This is what the mzip
operation does.
3.3 Parallel composition of resumptions
If we have two resumptions, we can compose them to run in sequence either using the do
notation or
using a monad comprehension with two generators. To run them in parallel, we need to implement
interleaving of the steps as shown in the next snippet:
instance Monad m => MonadZip (Resumption m) where
mzip (Done a) (Done b) = Done (a, b)
mzip sa sb = Step [ mzip a b | a <- step sa, b <- step sb ]

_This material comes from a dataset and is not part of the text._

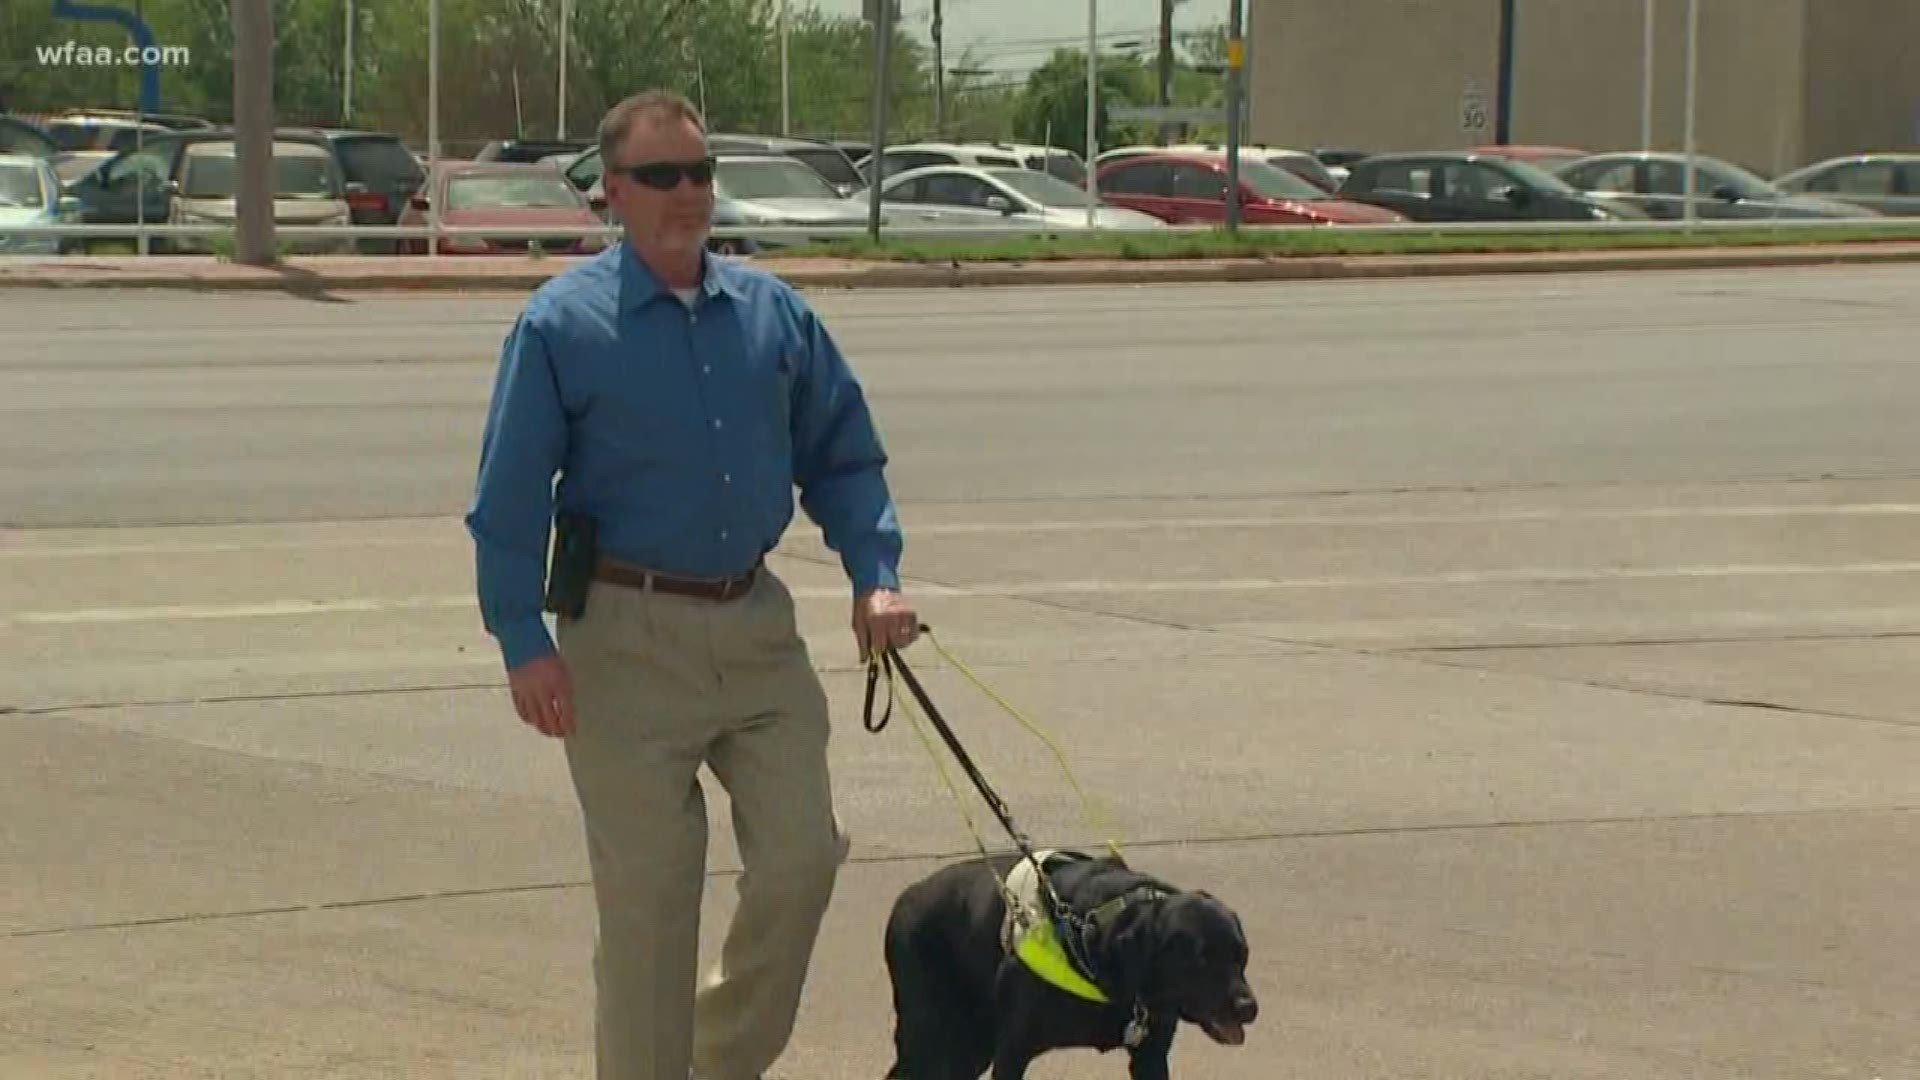 Jim Walker, 57, said he didn't think twice when he saw the officers needing help.

where step (Done r) = return $ Done r
step (Step sa) = sa
The result of mzip
is a resumption that consists of multiple steps. In each step, it performs
one step of both of the resumptions given as arguments. When it reaches a state when both of the
resumptions complete and produce results, it returns a tuple containing the results using Done
.
A step is performed using an effectful step
function. To keep the implementation simple, we keep
applying step
to both of the resumptions and then recursively combine the results. Applying
step
to a resumption that has already completed isn't a mistake. This operation doesn't do
anything and just returns the original resumption (without performing any effects).
Once we define mzip
, we can start using the parallel comprehension syntax for working with
resumptions. The next snippet demonstrates two ways of composing resumptions. In both examples, we
compose a computation that prints "meow" two times and then returns "cat" with a computation
that prints "woof" three times and then returns "dog":
animalsSeq =
[ c ++ " and " ++ d
| c <- printLoop "meow" 2 "cat"
, d <- printLoop "woof" 3 "dog" ]
animalsPar =
[ c ++ " and " ++ d
| c <- printLoop "meow" 2 "cat"
| d <- printLoop "woof" 3 "dog" ]
The only difference between the two examples is that the first one composes the operations using multiple generators (separated by comma) and the second one uses parallel comprehensions (separated by bar).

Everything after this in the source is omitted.